SECURITIES AND EXCHANGE COMMISSION

WASHINGTON, DC 20549

 

 

FORM 8-K

 

 

CURRENT REPORT

Pursuant to Section 13 or 15(d)

of the Securities Exchange Act of 1934

Date of report (Date of earliest event reported): July 25, 2014

 

 

OLD NATIONAL BANCORP

(Exact name of Registrant as specified in its charter)

 

 

 

Indiana   001-15817   35-1539838

(State or other jurisdiction

of incorporation)

 

(Commission

File Number)

 

(IRS Employer

Identification No.)

 

One Main Street

Evansville, Indiana

  47708
(Address of Principal Executive Offices)   (Zip Code)

Registrant’s telephone number, including area code: (812) 464-1294

 

(Former name or former address if changed since last report.)

 

 

Check the appropriate box below if the Form 8-K filing is intended to simultaneously satisfy the filing obligation of the registrant under any of the following provisions:

 

x Written communications pursuant to Rule 425 under the Securities Act (17 CFR 230.425)

 

¨ Soliciting material pursuant to Rule 14a-12 under the Exchange Act (17 CFR 240.14a-12)

 

¨ Pre-commencement communications pursuant to Rule 14d-2(b) under the Exchange Act (17 CFR 240.14d-2(b))

 

¨ Pre-commencement communications pursuant to Rule 13e-4(c) under the Exchange Act (17 CFR 240.13e-4(c))

 

 

 


Item 1.01 Entry into a Material Definitive Agreement.

On July 25, 2014, Old National Bancorp (“Old National”), an Indiana corporation, entered into an Agreement and Plan of Merger (the “Merger Agreement”) with Founders Financial Corporation (“Founders”), a Michigan corporation, pursuant to which Founders will merge with and into Old National, whereupon the separate corporate existence of Founders will cease and Old National will survive (the “Merger”).

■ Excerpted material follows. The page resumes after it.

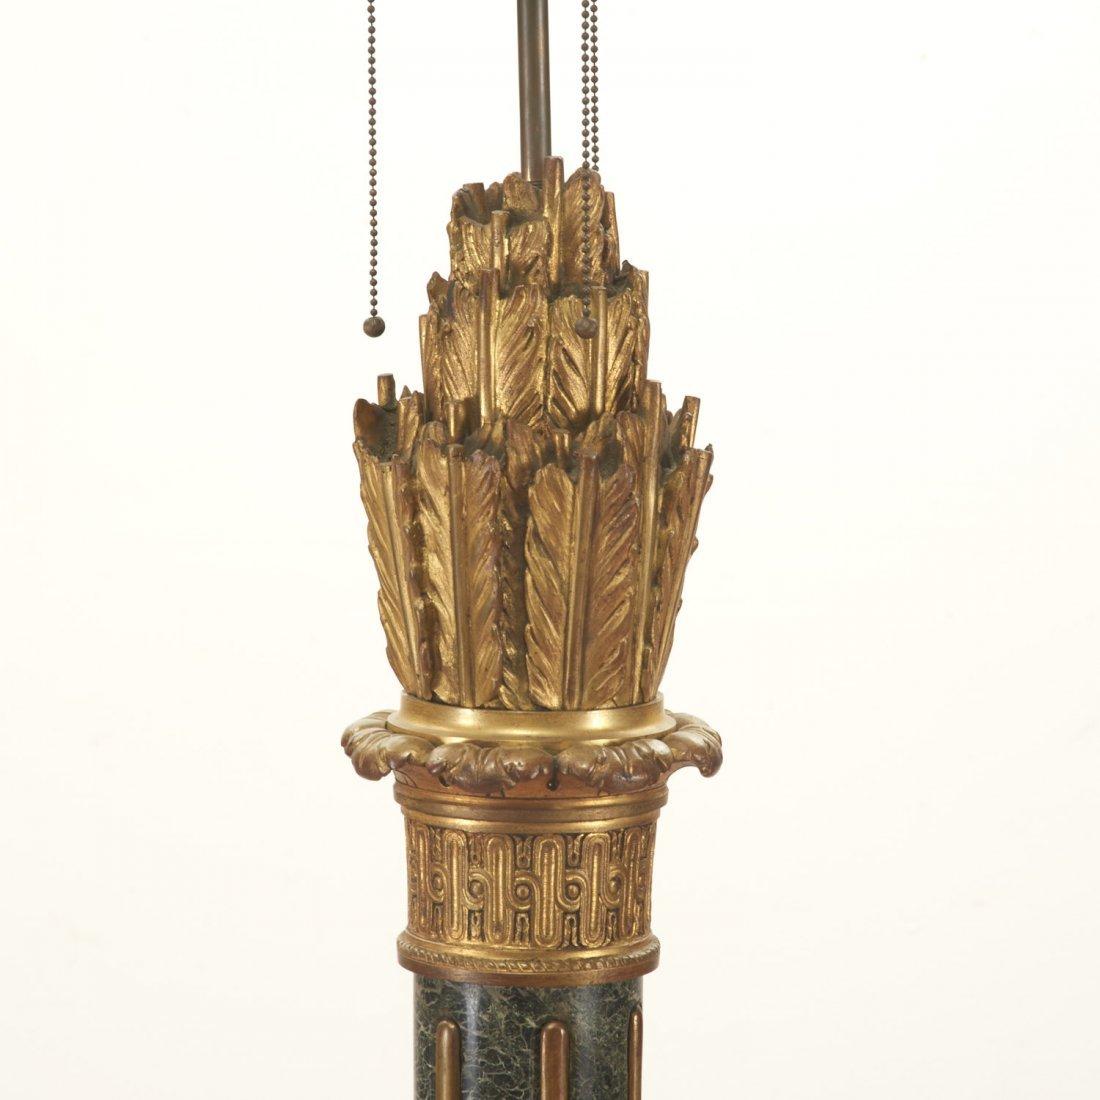 Napoleon III bronze, marble fasces floor lamp - 2

In connection with the Merger, Founders Bank & Trust, a Michigan chartered commercial bank and wholly-owned subsidiary of Founders, will be merged with and into Old National Bank, a national banking association and wholly owned subsidiary of Old National, with Old National Bank as the surviving bank.

The Merger Agreement has been approved by the board of directors of each of Old National and Founders. Subject to the approval of Founders’ common shareholders of the Merger, regulatory approvals and other customary closing conditions, the parties anticipate completing the Merger in the first half of 2015.

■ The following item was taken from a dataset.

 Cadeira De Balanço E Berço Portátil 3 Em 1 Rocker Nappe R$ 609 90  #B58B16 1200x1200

All of the members of the board of directors of Founders have entered into a voting agreement pursuant to which they have agreed to vote their shares of Founders common stock in favor of the Merger. A copy of the voting agreement is filed hereto as Exhibit 10.1 and incorporated herein by reference.

Subject to the terms and conditions of the Merger Agreement, in connection with the Merger, each Founders shareholder will receive $38.00 in cash (the “Cash Consideration”) and 3.25 shares of Old National common stock (the “Exchange Ratio” and, together with the Cash Consideration, the “Merger Consideration”) for each share of Founders common stock owned by them. While the Cash Consideration will remain a fixed amount, the Exchange Ratio is subject to adjustment as set forth in the Merger Agreement and discussed below. At the effective time of the Merger, outstanding vested and unvested stock options under Company Stock Plans (as defined in the Merger Agreement) of Founders will convert into an option with respect to Old National common stock, at the rate and subject to further adjustment as set forth in the Merger Agreement, unless holders elect to cash-out their stock options. Under the Merger Agreement, holders of stock options may elect, within 45 days after the date of the Merger Agreement, to cash-out all of their stock options into an amount of cash for each share of Founders common stock subject to such stock options equal to (i) the sum of (a) the Exchange Ratio multiplied by the Final Purchaser Price (defined as the average closing price of Old National common stock for the 10 trading days ending on the sixth business day prior to the date of closing on which shares of Old National common stock were actually traded in transactions reported on The NASDAQ Global Select Market) and (b) the Cash Consideration minus (ii) the amount of the exercise price per share of such stock options. Based on Old National’s July 25, 2014 closing price of $13.87 per share, the total Merger Consideration is estimated to be approximately $88.2 million.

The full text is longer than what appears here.